Wednesday, May 9, 2012

Why write on movies? What standards? A personal “ID card”


[I reordered the original, more-sensible draft of this, to put what should be more interesting to most people further up front. My heuristics/standards are noted before a sketch of the history of my developing critical eye for movies. Also, my entry on Winter’s Bone is on the way; I am being especially careful with it, given the sensitively commercial and culturally esteemed nature of one or more of the people involved.]


This can’t help but be a personal, idiosyncratic matter. Saul Bellow, somewhere in his novel Humboldt’s Gift (1975), wrote (through the narrator, I think) something like, “When people are in transition, they think of going into the movie business.” And as it happens, in a very general sense, when my life is in some transition with uncertain destination, I get more concerned with movies. Usually this has meant seeing them more, “looking for something,” not really wanting to go into the movie business….

My father liked going to movies, from what I’ve heard. My mother doesn’t have much interest in seeing movies (though she can see some) or in discussing them. I can recall how movies figured in my life, almost like the one sure thing in American culture as far as something being meaningful and exalting within your own reach, sometimes coming into view when you didn’t really expect it, or couldn’t fully appreciate it yet (as you might later).

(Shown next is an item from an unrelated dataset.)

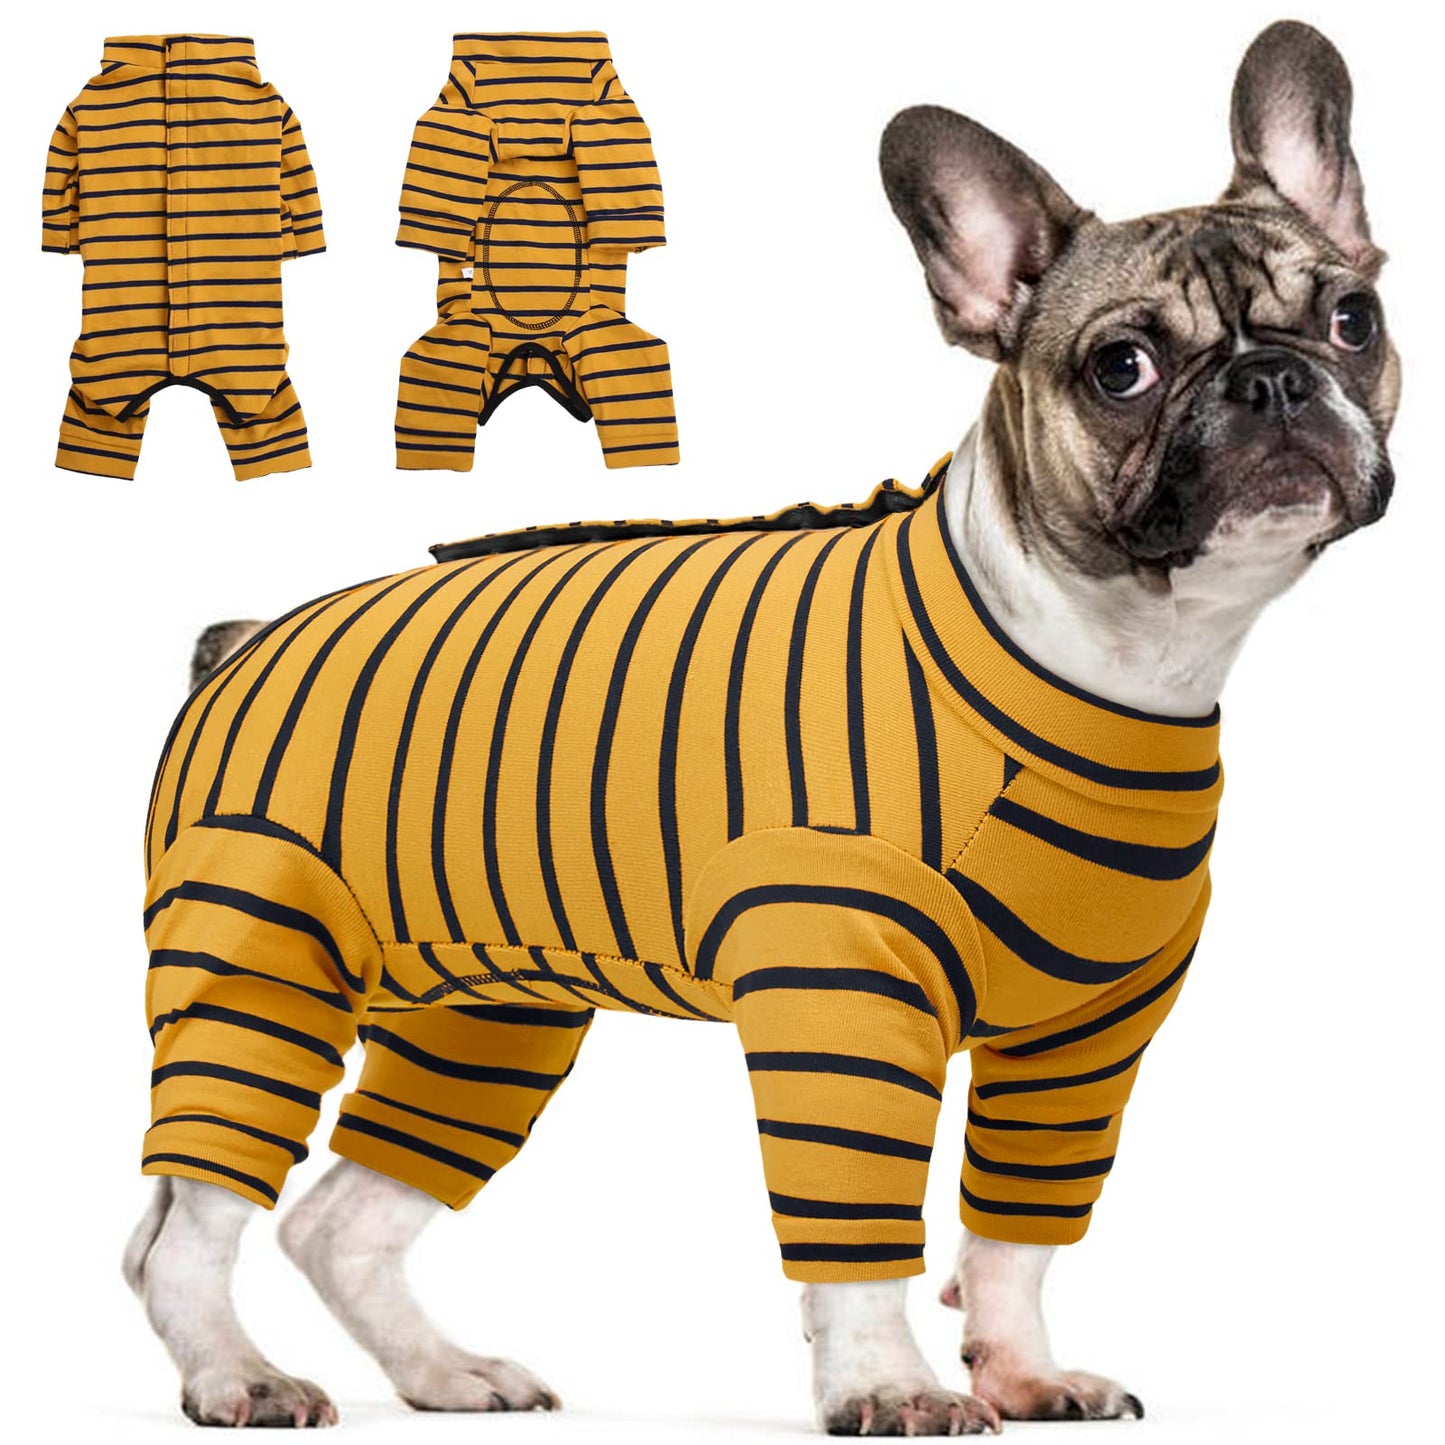 ROZKITCH Dog Onesie Recovery Suit, Puppy after Surgery Long Sleeve Shirt for Shedding Skin Disease Wound Protection, Pet Pajamas Anti-Licking Cone Alternative for Small Medium Cats Dogs Animals & Pet Supplies > Pet Supplies > Dog Supplies > Dog Apparel ROZKITCH L Yellow

1. How I look at movies and actors

As someone who has long been a fan and critic of movies, especially regarding how they can be art—conveying aspects of the depth and breadth of life, and what people can be—I don’t write as an insider. One big benefit of DVDs is that the extras—interviews of performers, director commentary over the movie, documentaries of a movie’s making—all help you understand the process more. All this plus what I learned in the 1970s and 1980s (see second subsection) builds over time.

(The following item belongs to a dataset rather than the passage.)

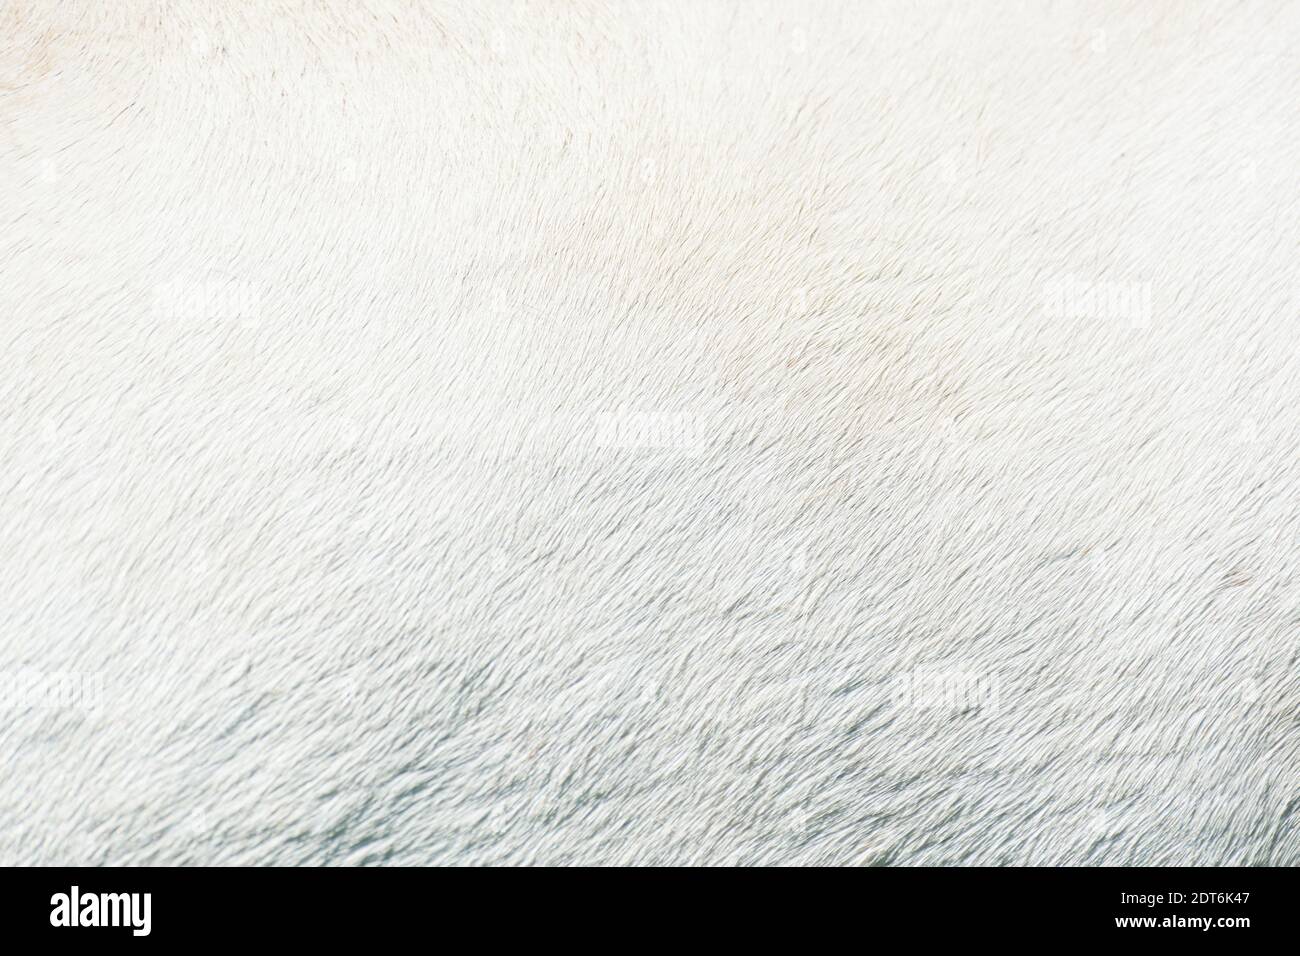 Horse pelage texture in white color. Stock Photo

As far as the pipe-dream side of things is concerned, I’ve long thought that if I ever had the chance, if I was involved in movies, it would not be in front of the camera; it would be as a director and writer. And maybe a producer too, since I learn more about that arcane area of endeavor in working to rig up my own little productions; I think being a producer is being a kind of hustler, or erring on the side of that (whereas a director errs more on the side of being an artiste). I think it may be somewhat like being an editor: if someone were to ask, “What is that? Do you get certified?,” I would say, “You definitely don’t get ‘certified’; and I’ve done it for many years, but there are no rules, and I still don’t know if I quite have it down, or it seems I always have to learn something new with this, at least in terms of dealing with the peculiarities of certain individuals.”

Believe me, I know about the print media industry. I have long thought that if a lot of its fans knew a lot about its inner workings, they might like its products less. So lately, in online spiels, I try to take a break-of-sorts from the “rat race” in that field, and look at movies more as a consumer. If actors and movie-production folks would say, “You’d be disillusioned by this art, too, if you saw what its inner workings were like,” I’d say, “Probably. The more I learn about the behind-the-scenes stuff, the more I say, ‘It shouldn’t surprise me.’ But just let me talk about them [as I do in this blog] as an interested layman, because you are trying to make art (sometimes), and I want to appreciate it as such. Just as you might want to appreciate print-media products.”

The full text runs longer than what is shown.